A l’époque, 26 pays étaient du camps de la «RASD».
1986
Le Maroc crée l’Agence marocaine de coopération internationale (AMCI). À travers l’AMCI, le royaume parvient à
développer sa coopération avec une bonne partie des pays africains, dont ceux reconnaissant encore la «RASD».
Actuellement, on estime à plus de 9.000 le nombre d’étudiants africains boursiers de l’AMCI
2000
Pas moins de 36 pays ont retiré leur reconnaissance
à la «RASD»
2007
Le Maroc propose son «Plan d’autonomie» sur le Sahara. Ce plan a est jugé «crédible» et «sérieux» sur le plan international. Il a
permis le ralliement de nombreux pays à la cause marocaine.
2016
Une quinzaine de pays africains, majoritairement anglophones, soutiennent encore cette entité non reconnue par l’ONU.
Idriss Déby Itno
Président de la République du Tchad Président en exercice de l’Union africaine (UA)
Le Maroc est un pays africain, membre fondateur de l’OUA qu’il a quittée il y a 32 ans pour des raisons qui lui sont propres. Il a le droit de revenir dans la grande famille quand il veut et comme il veut. Personne n’a le droit de l’en empêcher car c’est un pays du continent. Les conditions ne sont pas importantes mais ce qui nous intéresse, c’est la nécessité pour le continent dans son ensemble d’accepter et de soutenir cette démarche.
Processus d’adhésion
Réintégration ou adhésion ? Juridiquement les deux processus diffèrent même si sur le plan politique, cela revient au même. Le Maroc était bien membre de l’OUA qu’il a quittée en 1984 et l’UA a vu le jour en 2002 sans que le royaume ne réintègre la défunte organisation à laquelle les membres ont automatiquement adhéré lors du passage du témoin. Dans le cas de l’UA, c’est donc plus une adhésion qu’une réintégration. À ce sujet, le président en exercice de l’UA, le Tchadien Idriss Déby a tenu à souligner que «le Maroc est un pays du continent», ce qui lui ouvre la voie pour adhérer à l’organisation, «comme il veut et quand il veut». Maintenant que le pays a officiellement saisi l’UA, le processus va pouvoir démarrer.

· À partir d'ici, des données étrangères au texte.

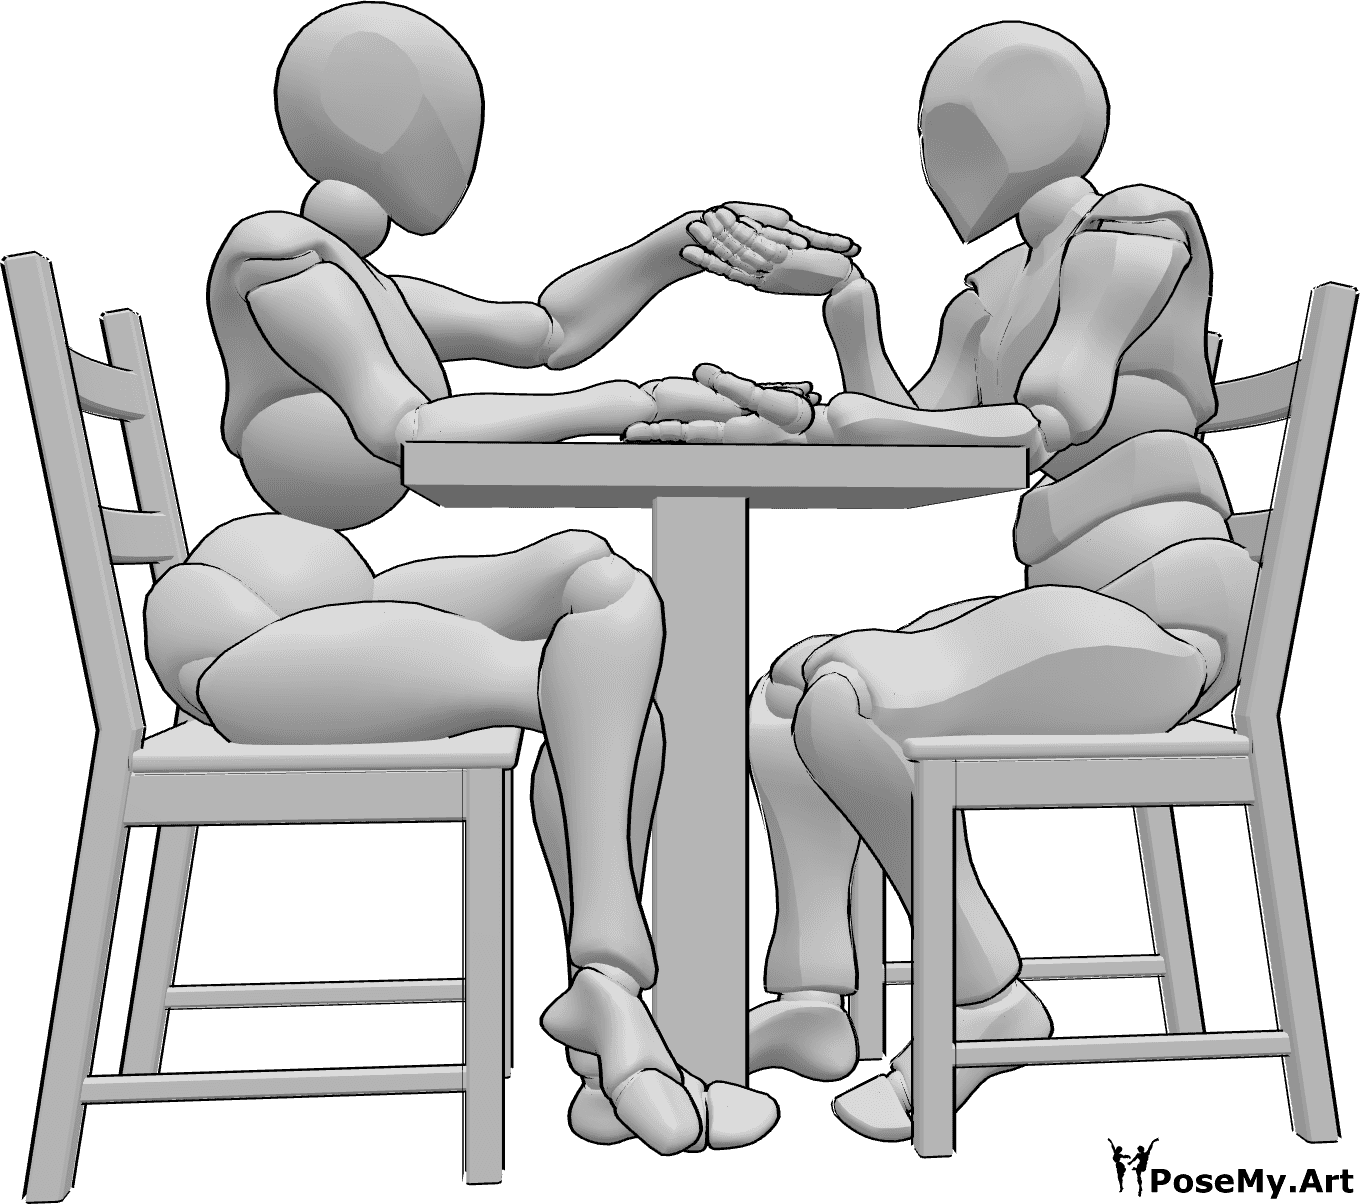 Referência de poses- Postura sentada de mãos dadas - Uma mulher e um homem estão sentados à mesa e de mãos dadas, o homem está prestes a beijar a mão esquerda da mulher

Selon les dispositions de l’article 29 de l’acte constitutif de l’UA adopté le 11 juillet 2000 à Lomé et entré en vigueur le 26 mai 2001 : «Tout État africain peut, à tout moment après l’entrée en vigueur du présent acte, notifier au président de la commission son intention d’adhérer au présent acte et d’être admis comme membre de l’Union». Le président de la commission, dès réception d’une telle notification, en communique copies à tous les États membres. «L’admission est décidée à la majorité simple des États membres. La décision de chaque État membre est transmise au président de la commission qui communique la décision d’admission à l’État intéressé, après réception du nombre de voix requis», complète le même article. Les choses sont donc claires et au vue des dispositions en la matière, le retour effectif du Maroc au sein de l’UA n’est plus qu’une question de temps et de formalités, le royaume bénéficiant du soutien de plus que la majorité des pays africains.